Читать онлайн Владимир Авдошин - Все и девочка
© В. Д. Авдошин, 2023
© К. Хлебникова ил., оформление 2023
© Издательство «Алетейя» (СПб.), 2023
Все и девочка
Часть I
Детство на Фасадной и Околоточной
Глава 1
Крым и краснофлотцы
Сколько бы я ни спрашивала маму о ее жизни, втайне подразумевая рассказ о начале моей жизни, она неизменно начинала с одного и того же памятного ей события.
В 1945 году, весной, когда мама была на последнем курсе строительного института, их послали на практику в Крым. Страна, стало быть, довоевывала в Германии, а здесь, в Советском Союзе, лежала вся в руинах. И ждала их, студентов-выпускников, как квалифицированные кадры восстановительных и строительных работ. Насколько я знаю, там, в Крыму действительно самая хорошая практика по фундаментам (сейсмоустойчивость и оползни). И случилось студенткам строительного института между делом пройтись берегом моря по набережной, еще разрушенной. В молодости и под мирным небом, которое только что обрушилось на них, думаю, не менее пленительное, чем всегда это бывает, хорошо пройтись своей студенческой компанией, когда не нужно жаться бедной родственницей в одиночестве, а можно спокойно и широко идти группой. А параллельным курсом шли краснофлотцы. Известно, на корабле они матершинники и хохмачи, а в городе, в увольнительной, – пай-мальчики и даже сентиментальные молодые люди, которые любят сниматься для домашних на фоне моря, красноречиво объясняться в любви проходящим мимо девушкам и делать поделки из подручного материала на долгую память. Тогда это были гильзы от немецких патронов, немецкие пуговицы, иногда немецкие кресты, которых в этих местах страшных боев было множество.

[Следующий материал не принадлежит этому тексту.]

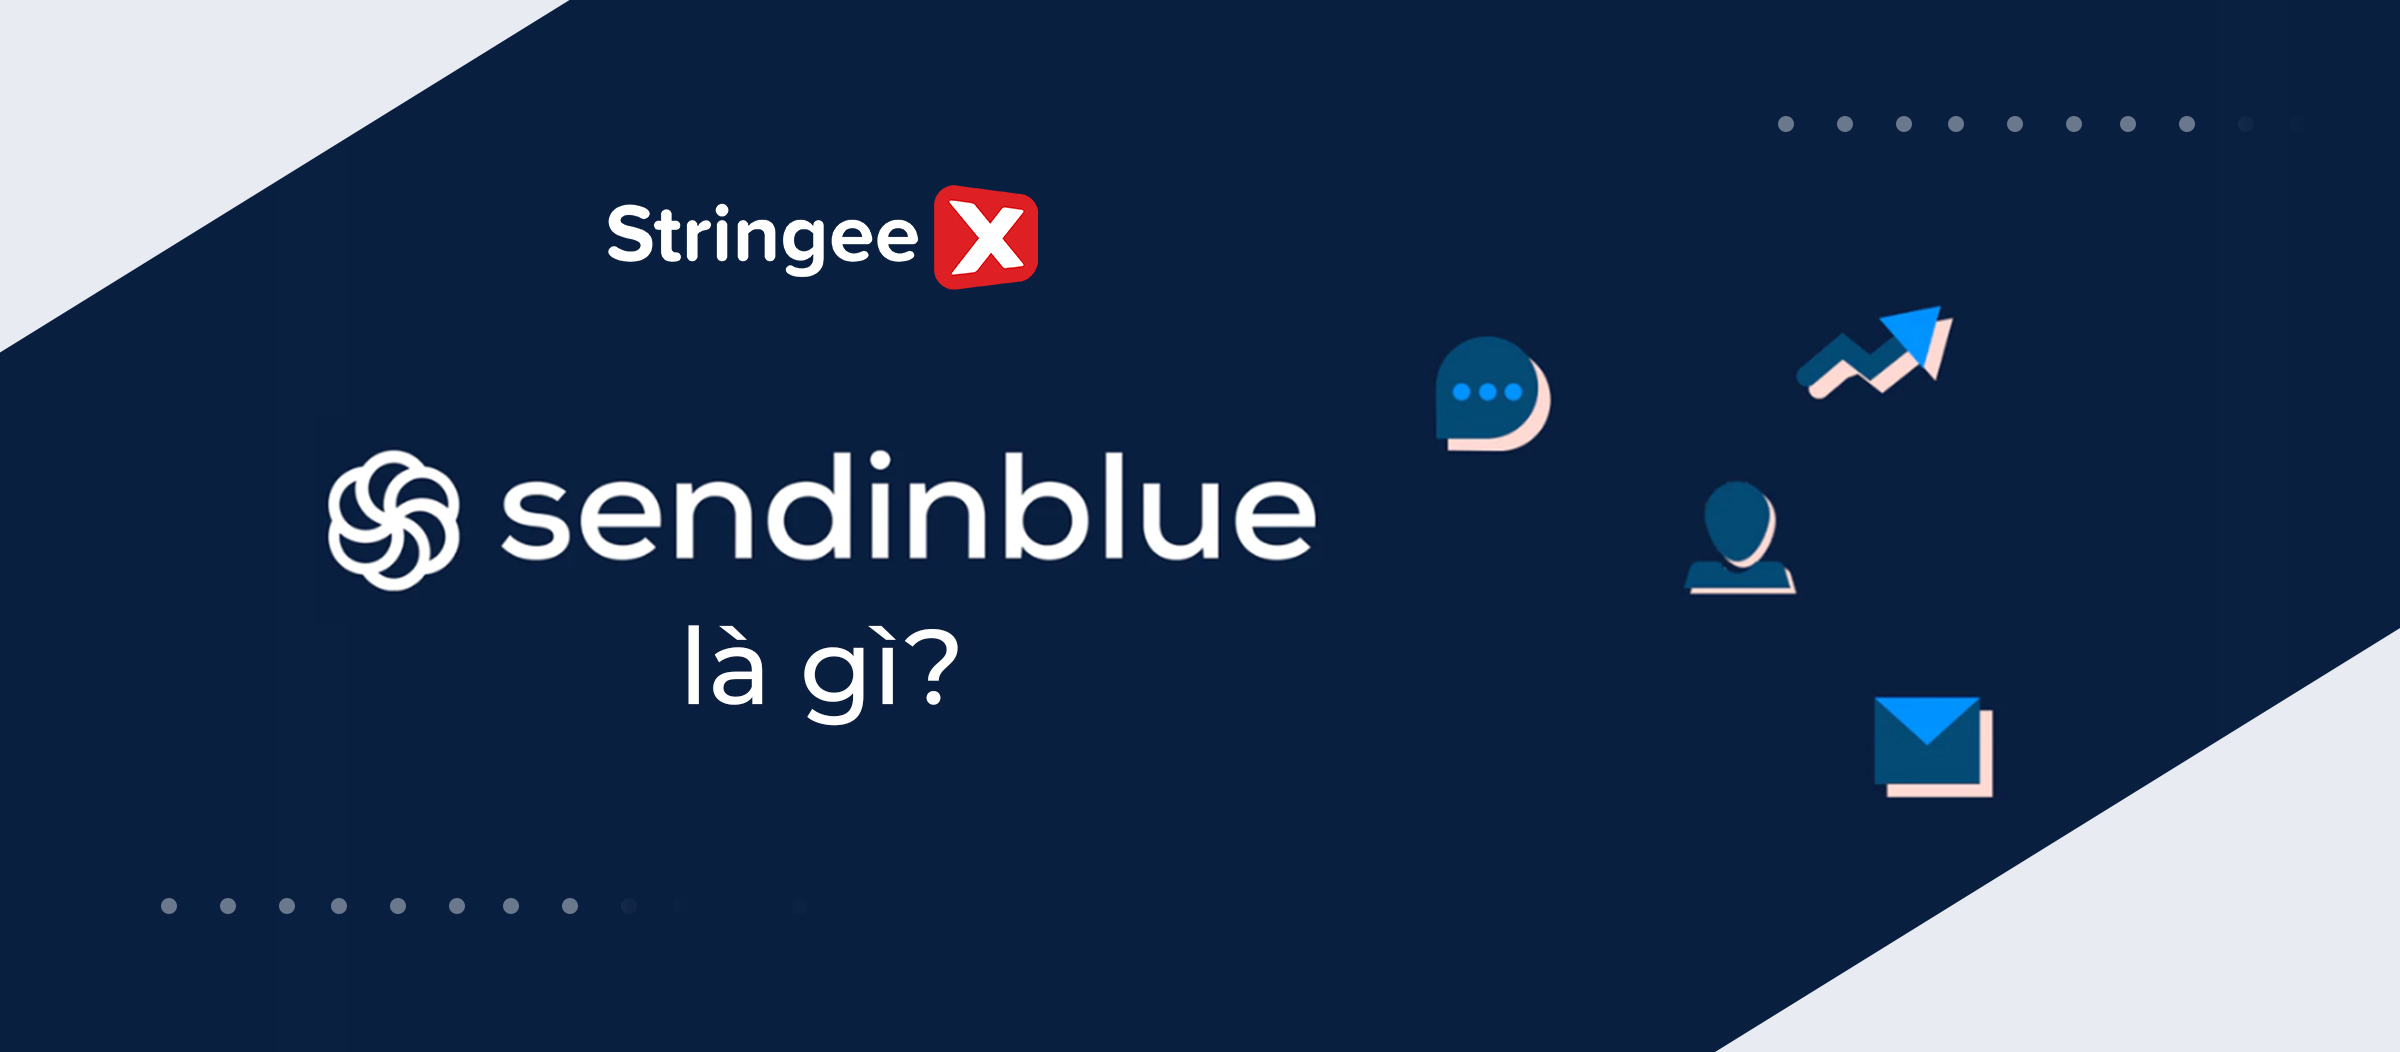 Sendinblue là gì? Chi phí các gói dịch vụ của Sendinblue

Как уж они там договорились прогуляться – по набережной парами или сходить в кино – я не знаю, но не удивлюсь, если, так сказать, любовь уместилась в одно матросское увольнение на берег. Мама с утра на практических занятиях и освободилась к обеду, а где-то с обеда и до девяти вечера, когда морякам на корабль возвращаться надо было, – любовь. Мама до того была оголоушена Крымом, а он, Крым, известный проказник – кто бы с чем ни приехал, в Крыму всем жизнь кажется шоколадной и по цвету и по вкусу, а тут еще пылкое признание в любви, – так что она даже успела назвать ему свой правильный московский адрес и проводить до КПП. Больше с ней такого никогда не случалось.

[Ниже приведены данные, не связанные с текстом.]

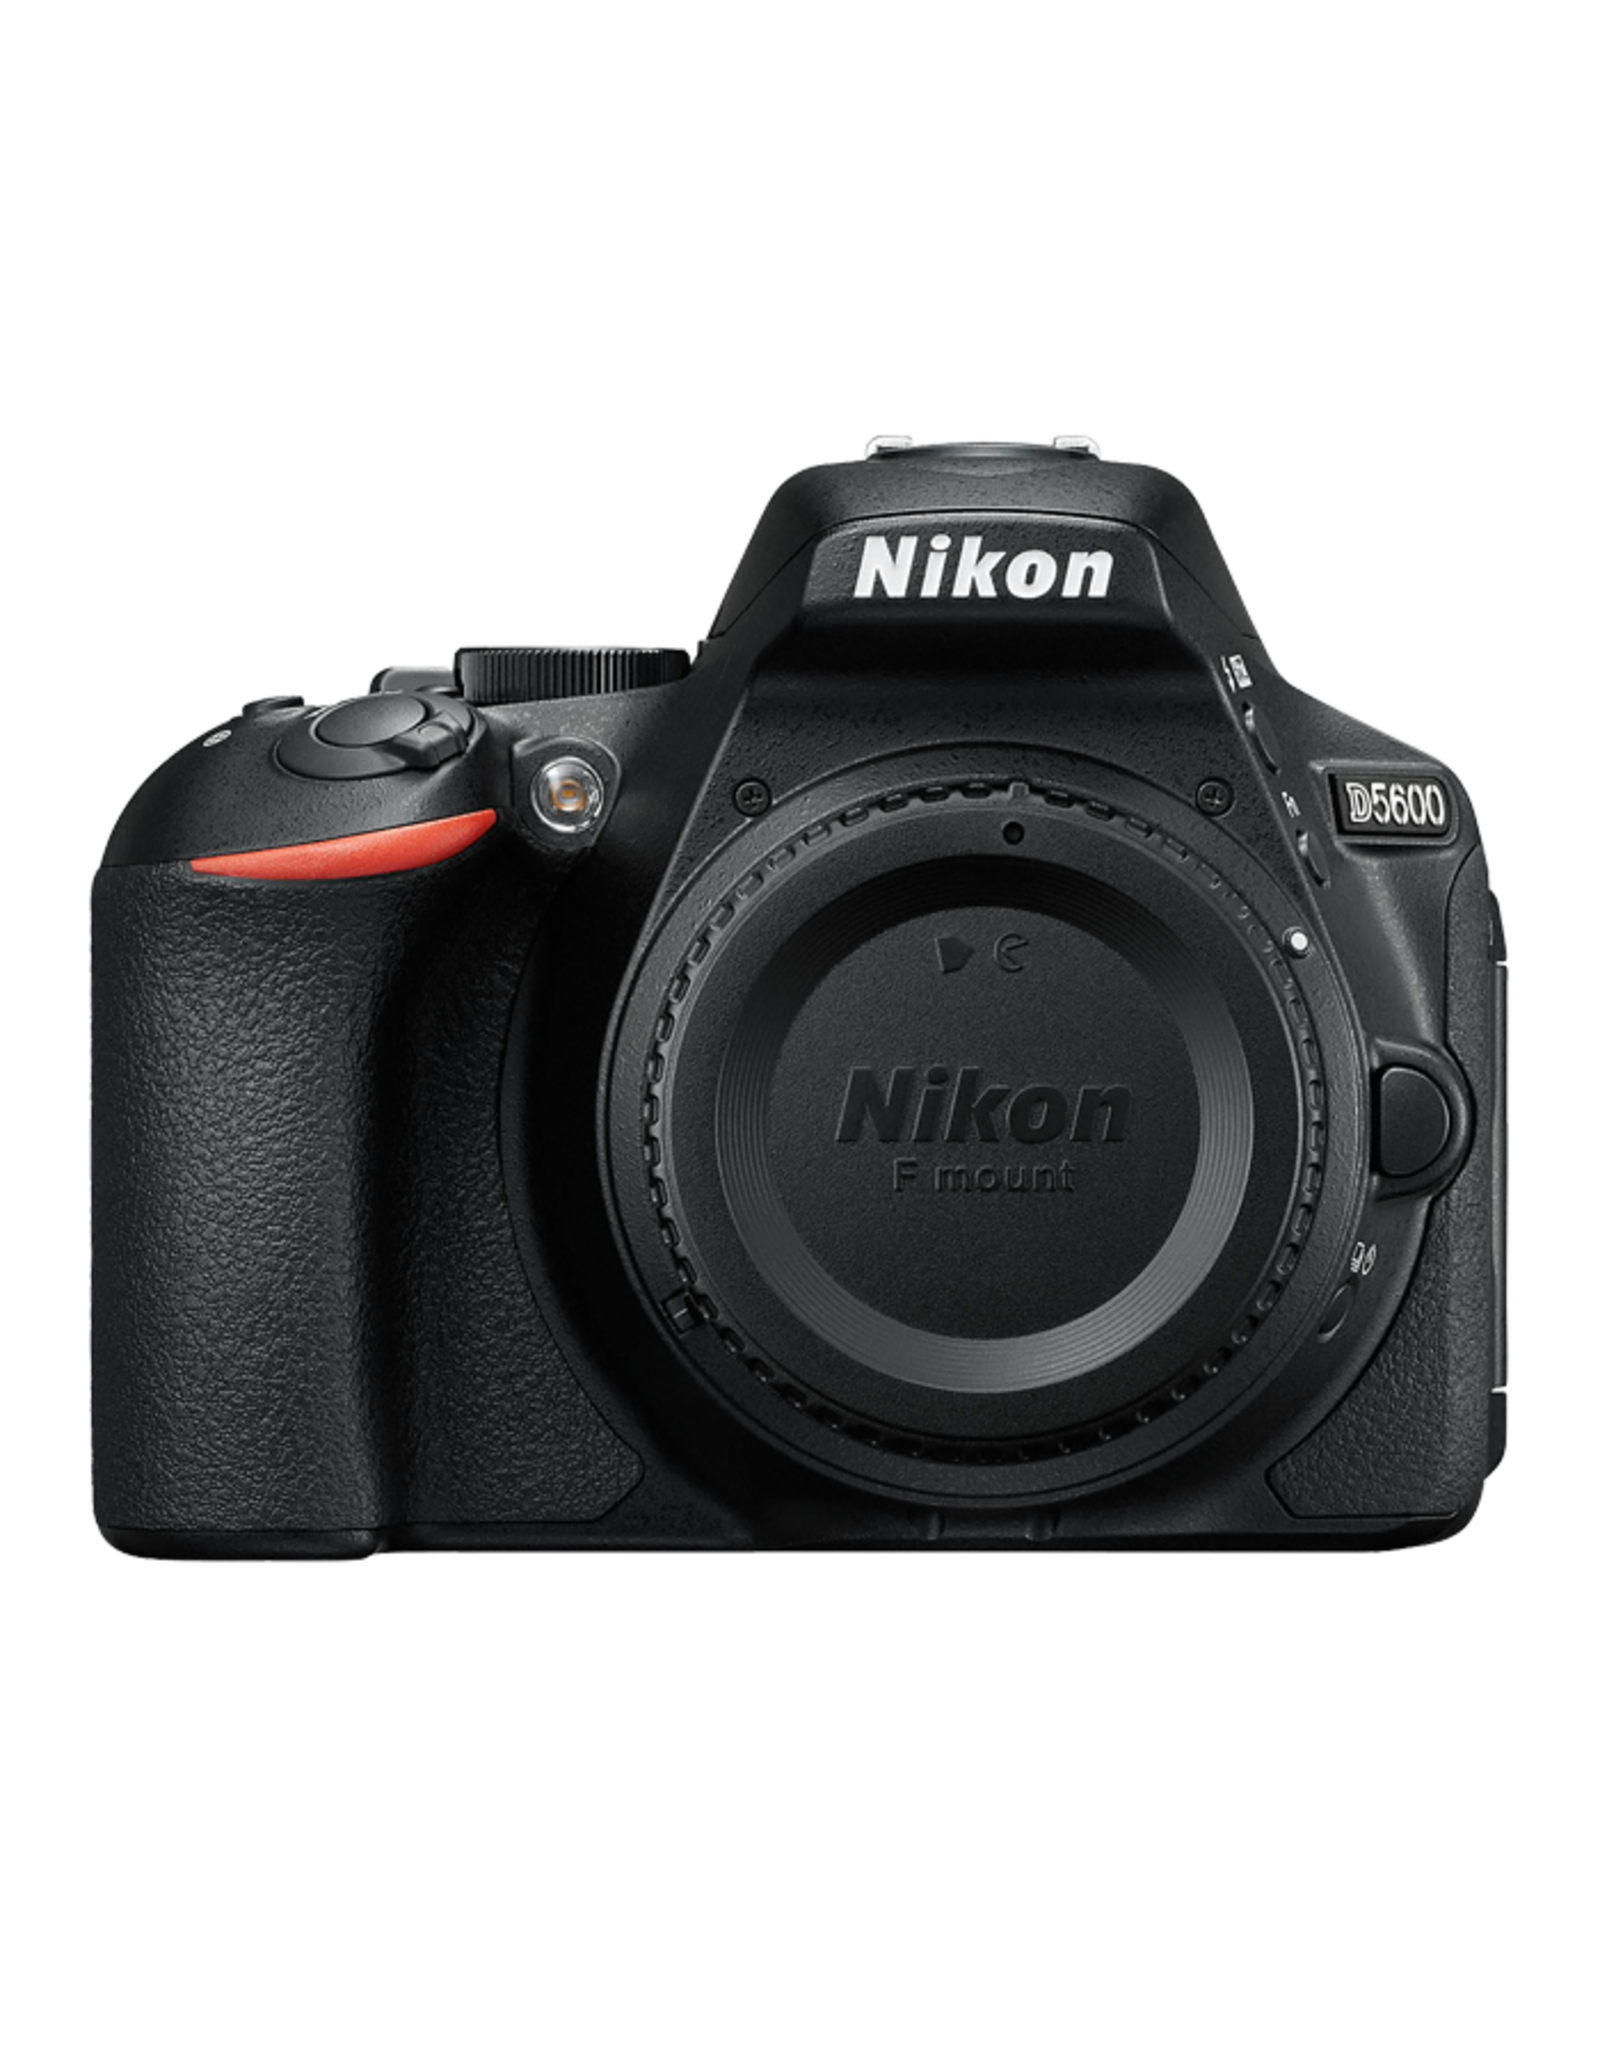 Nikon D5600 DSLR Camera là một máy ảnh chuyên nghiệp, sử dụng chiếc máy ảnh này để chụp ảnh chân dung, thiên nhiên, cảnh quan hoặc những bức ảnh khác, bạn sẽ hài lòng với chất lượng và độ sắc nét của ảnh. Với những tính năng mạnh mẽ như lấy nét nhanh, quay phim Full HD, kết nối Wi-Fi và Bluetooth, Nikon D5600 DSLR Camera sẽ là sự lựa chọn tốt nhất cho những người yêu nghệ thuật chụp ảnh.

Возможно поэтому, начиная рассказ о своей жизни, она приводила в пример этот наивный эпизод свободного изъявления чувств. Не знаю, его корабль ушел ранее или её поезд поехал в обратную сторону, не дали ему больше увольнительной или их группу вывезли в горы на практические занятия, но более в Крыму они уже не встречались. И продолжение этой истории произошло в Москве, месяца два спустя.

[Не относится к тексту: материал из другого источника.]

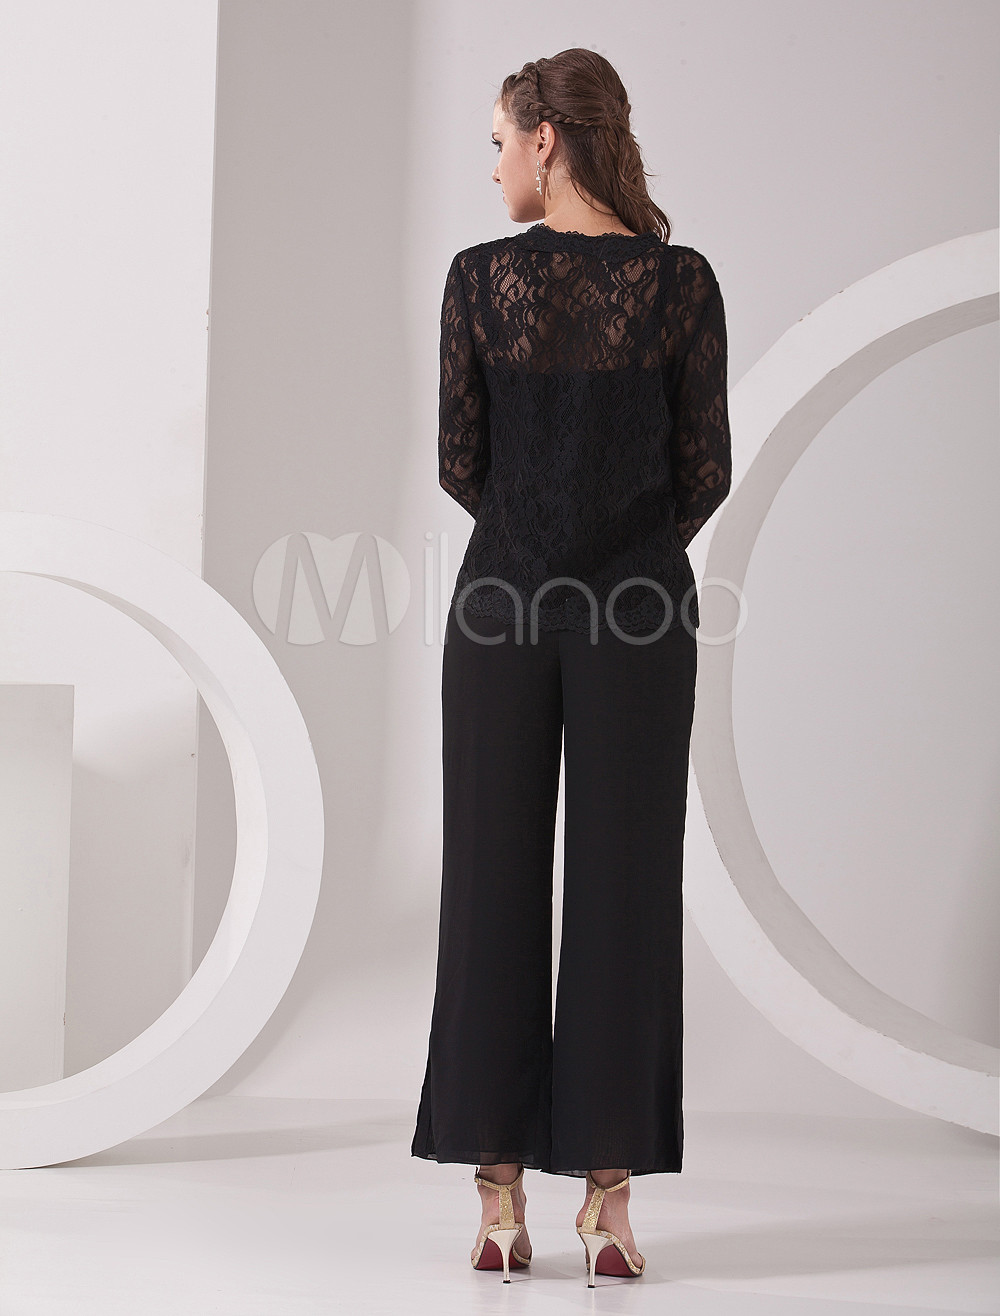 Elegant Black Chiffon Mother Of The Bride Pant Suits - Milanoo.com

Приехав домой, она, естественно, никому ничего не рассказала. Тогда это было не принято. Не сказала даже тогда, когда пришло письмо, и сестры допытывались у нее, от кого это. Да, я забыла сказать, то есть написать, что пафос его прогулок с нею был: «Ах, вы кончаете в этом году институт? А я в этом году демобилизуюсь. Давайте поженимся?». А мама: «Не знаю, допустим». – «Ой, я вас не тороплю, вы подумайте, ведь еще два месяца!»
И вот письмо с теми же намерениями: «Уважаемая Тамара! Служба моя закончилась, выезжаю, встречайте. Будьте моей женой, как мы с Вами договорились. Я отписывал своим родителям, они дали свое согласие на нашу свадьбу. Передавайте поклон Вашим родителям. С черноморским приветом Николай».
Мама хвать письмо – и поскорее к декану в институт. Декан был пожилым, опытным человеком, битым жизнью. Он умел и за своих постоять, умел и слово молвить. С ним они всю войну прожили и проучились. На первом курсе дал он справку, что мама освобождается от рытья противотанковых рвов, когда чирьи пошли. Тогда их вернули в город. Были разговоры, что война – это недоразумение, что у нас с немцами договор, а не нападение, что война долго не продлится, вот разберутся и война кончится.
А на средних курсах к ней приходила тетка Аня, говоря: «Что ты все корпишь над учебниками? Вот моя Кира кончила курсы машинописи», а мама ей возражала: «Меня старший брат и декан обязывают учиться». Декан говорил: «Хочешь есть – иди в кочегарку, там 400 граммов хлеба дают. Но учись – человеком станешь. Уголек лопатой будешь кидать, а хлеб или сразу съешь, раз такой голод, а хочешь половину на вечер. А вечером на занятия приходи». Мама принуждала себя половину хлеба на вечер оставлять. Декан не будил маму, когда она засыпала на лекциях, понимал, что устает. И все на курсе считали его нареченным отцом по важным вопросам жизни. А такое, как замуж – куда как важно.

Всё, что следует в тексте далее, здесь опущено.